▸ **EXERCISE PROMPT**
Please reproduce all of the data below exactly, leaving each picture out.

▸ **DATA TO USE**
===
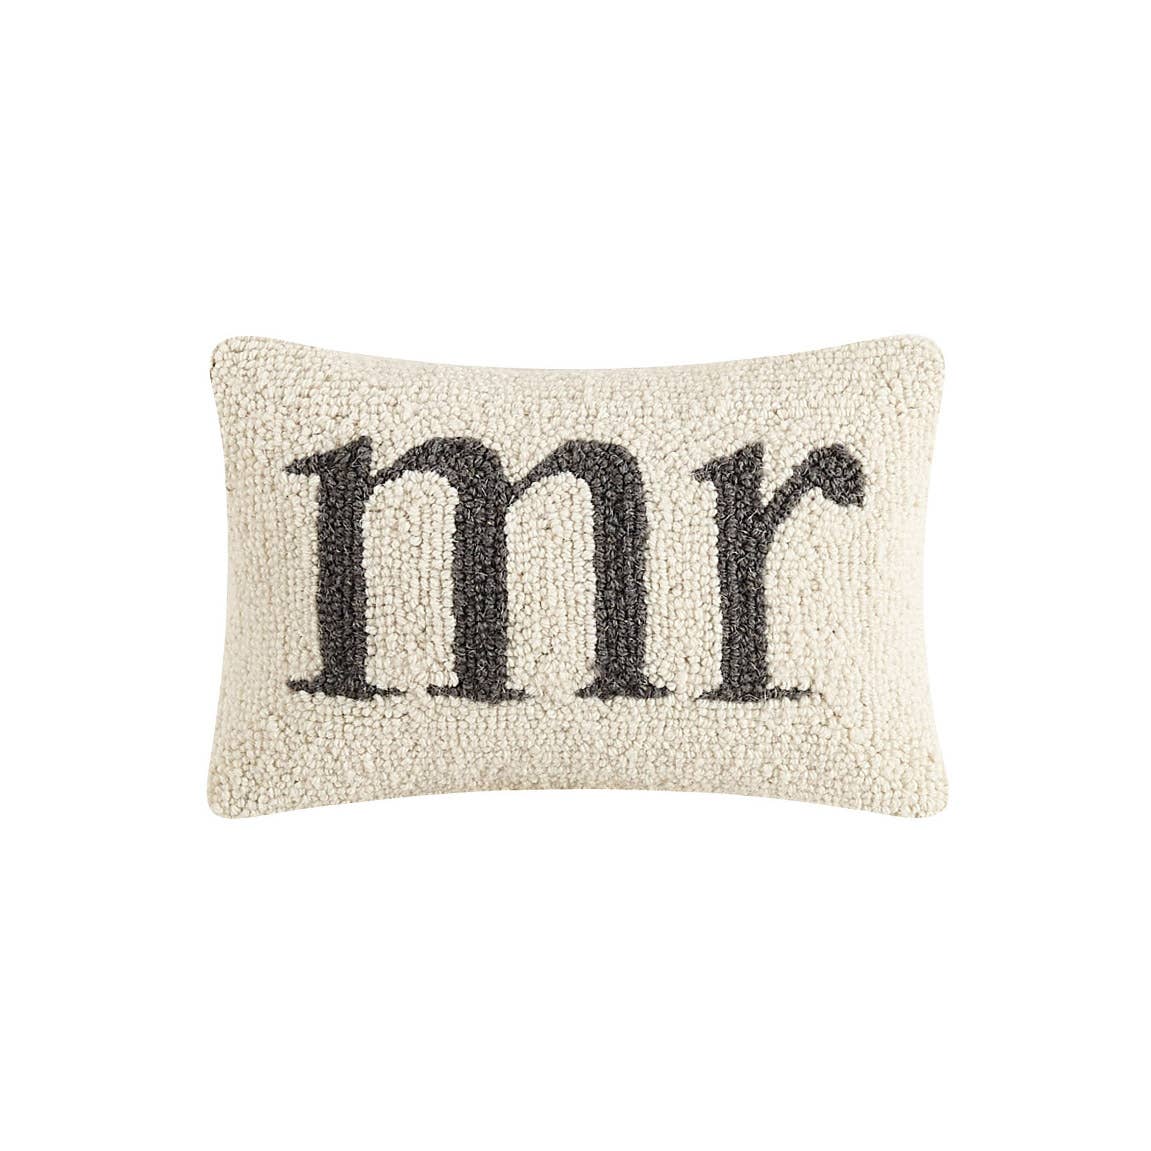 Mr. Hook Pillow-Textiles > Home & Garden > Decor > Throw Pillows-Quinn's Mercantile
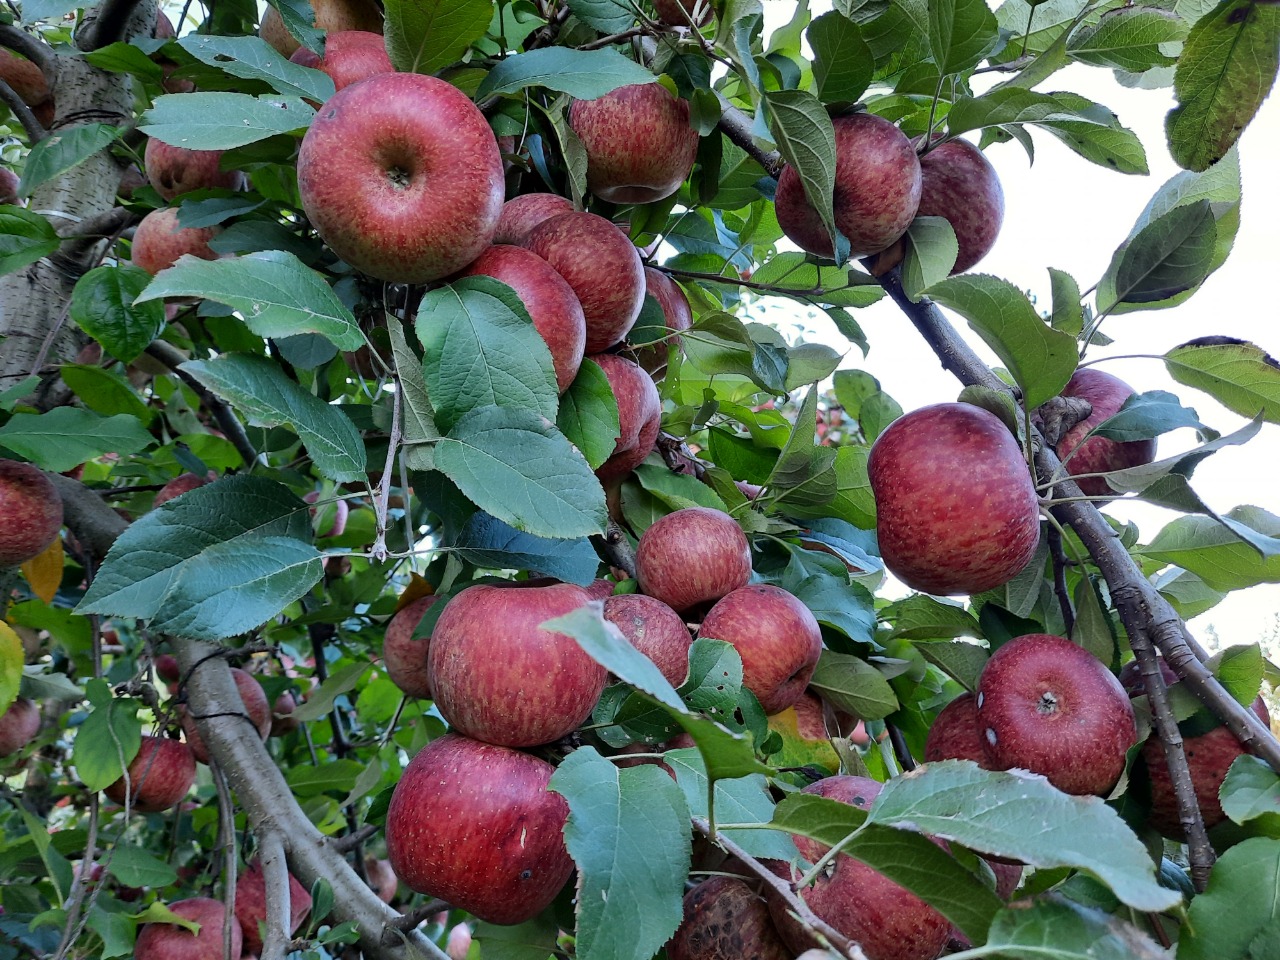 Líder nacional na produção de maçãs, Santa Catarina é destaque pela qualidade e sanidade dos pomares
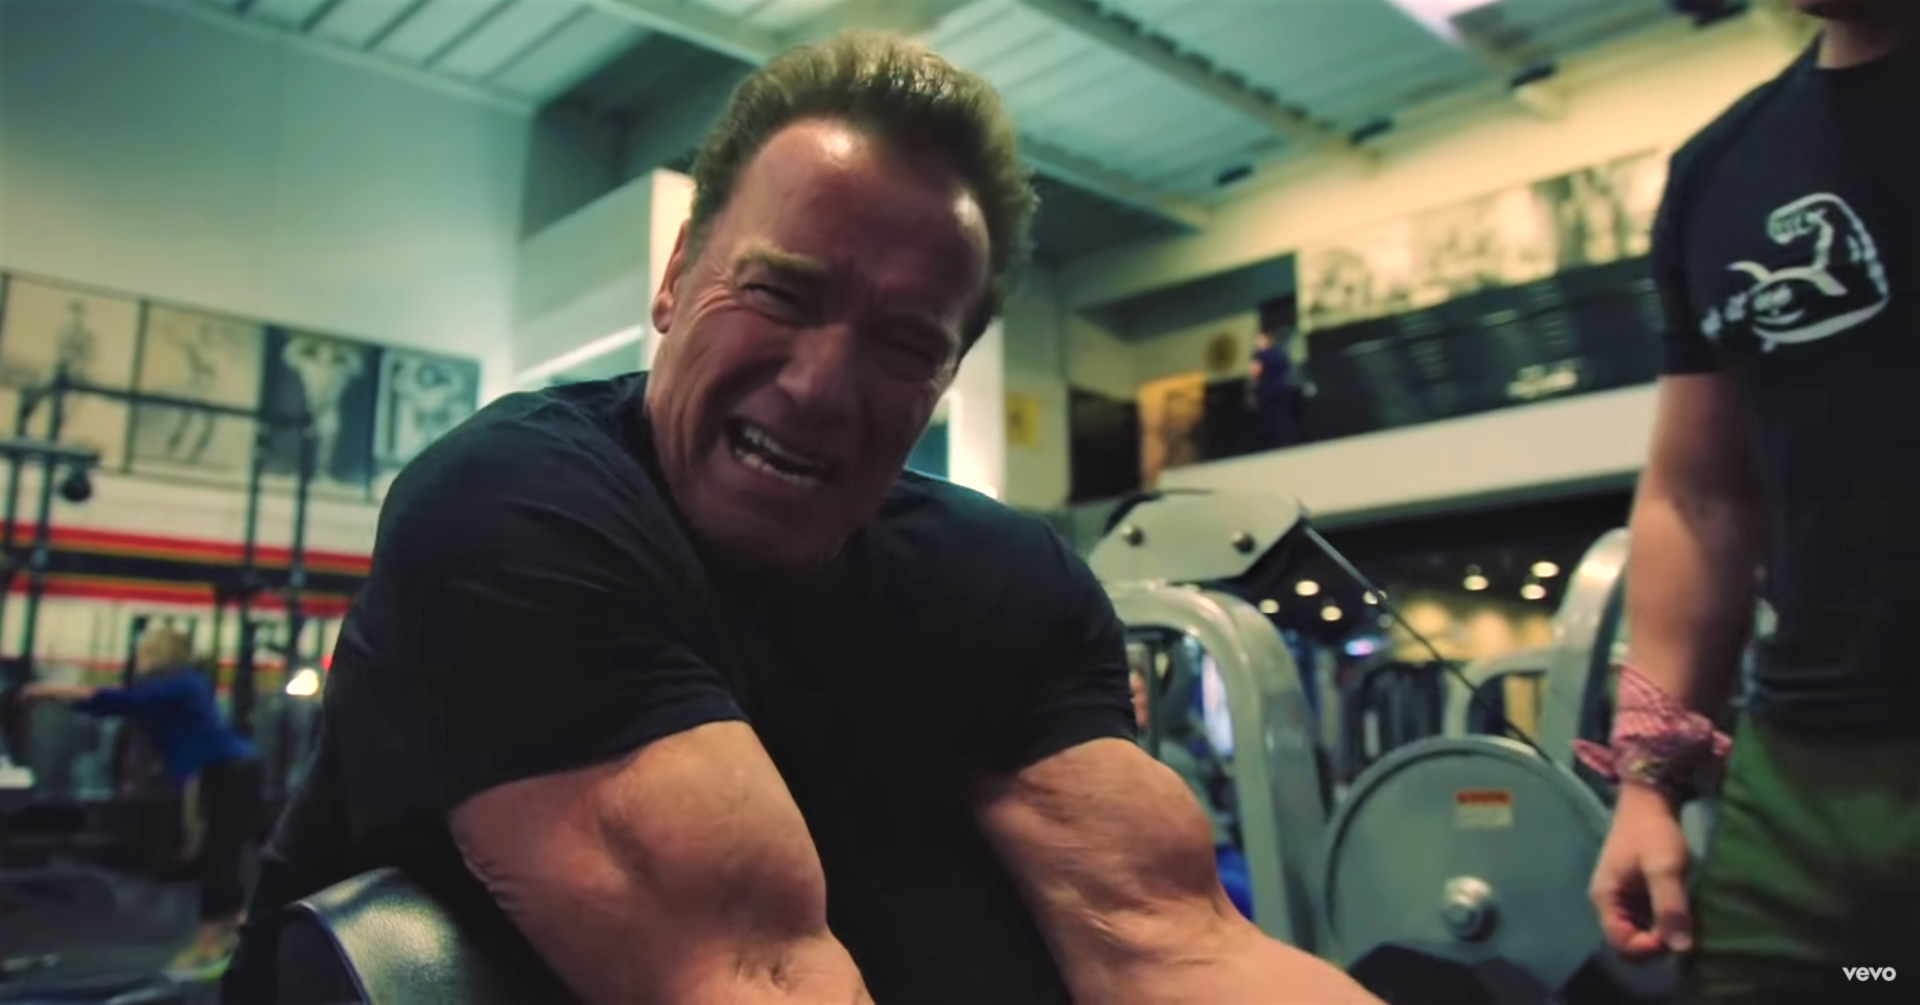 Arnold Schwarzenegger Shares a 360-rep Bodyweight Finisher
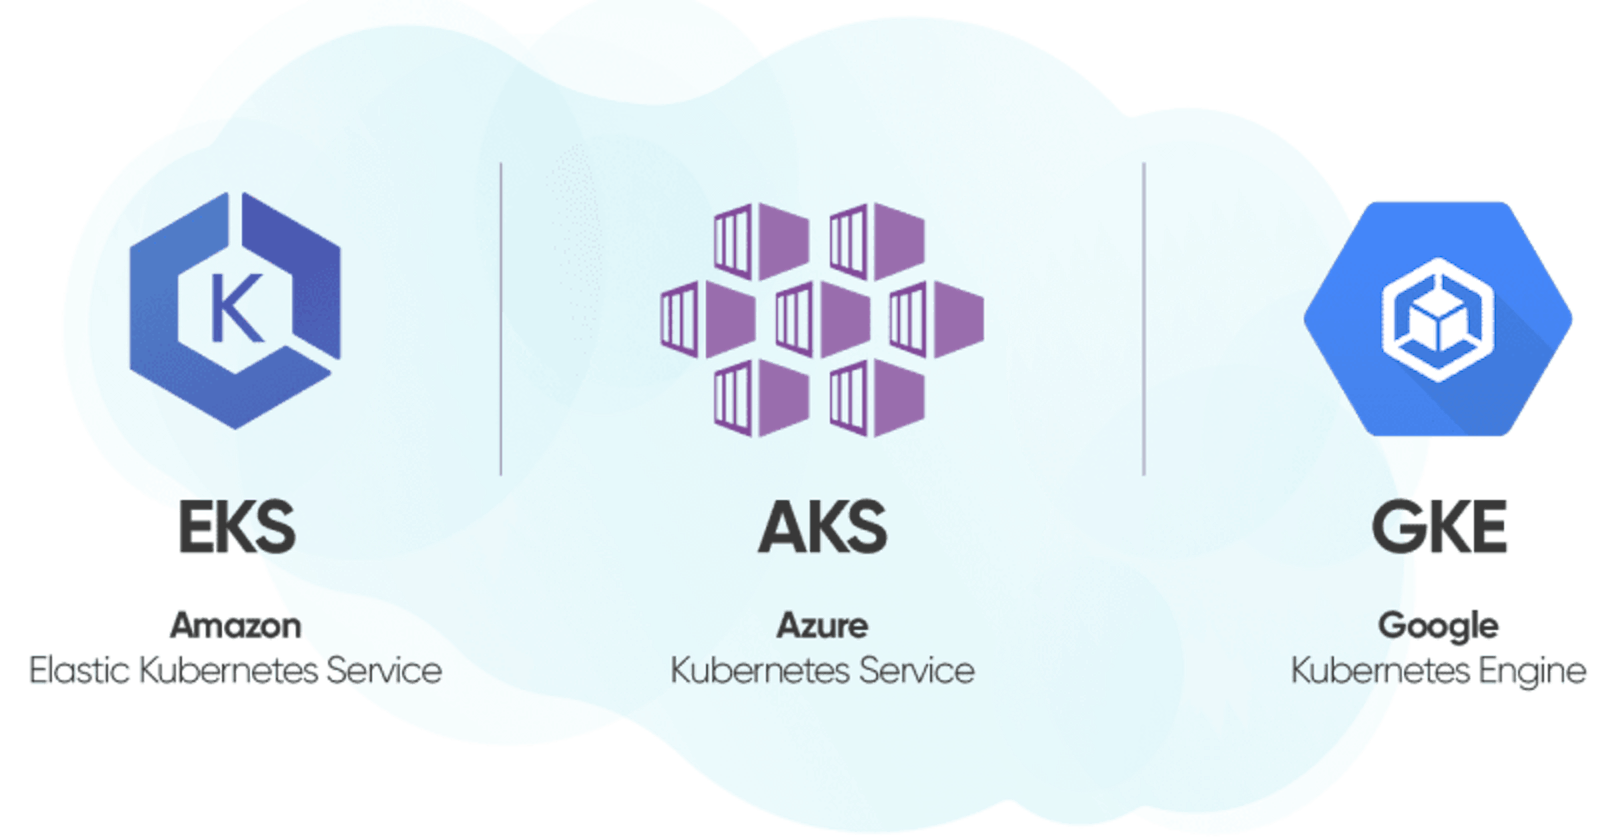 Comparing Managed Kubernetes Services: EKS vs. AKS vs. GKE
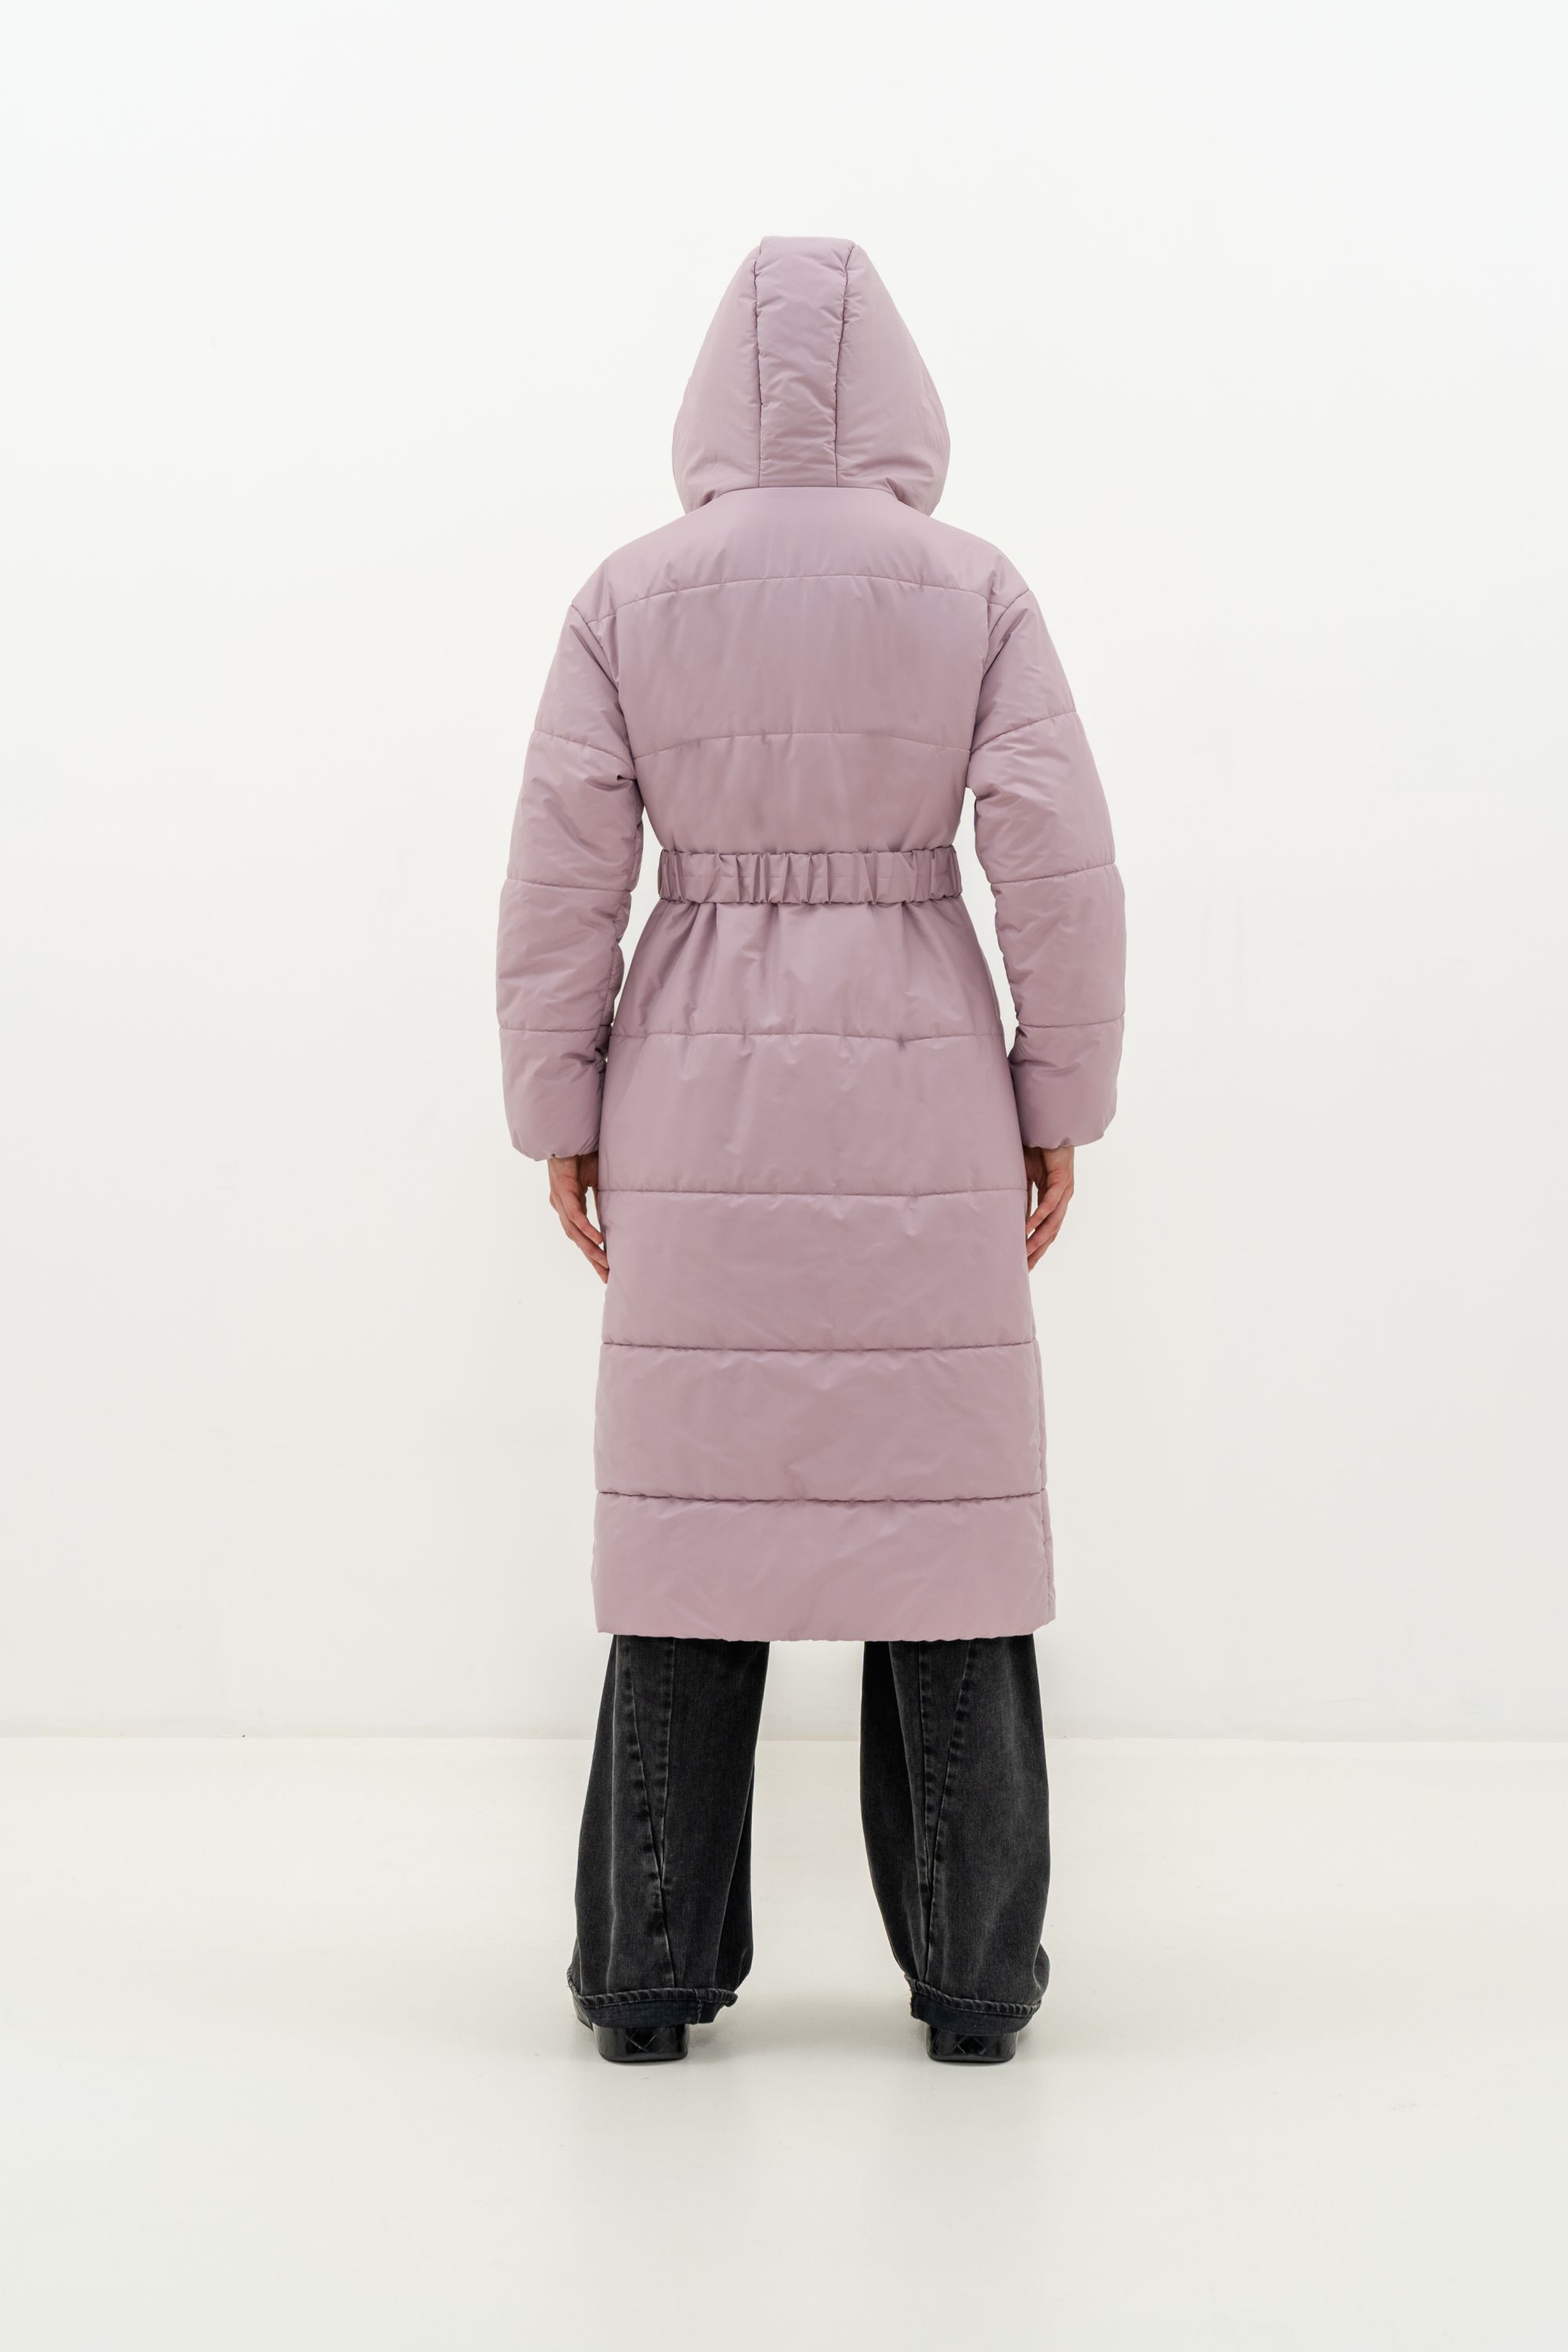 Пальто женское плащевое утепленное 5-12173-1. Фото 4.
===
▸ **RESULT OF THIS EXERCISE**
 Mr. Hook Pillow-Textiles > Home & Garden > Decor > Throw Pillows-Quinn's Mercantile
 Líder nacional na produção de maçãs, Santa Catarina é destaque pela qualidade e sanidade dos pomares
 Arnold Schwarzenegger Shares a 360-rep Bodyweight Finisher
 Comparing Managed Kubernetes Services: EKS vs. AKS vs. GKE
 Пальто женское плащевое утепленное 5-12173-1. Фото 4.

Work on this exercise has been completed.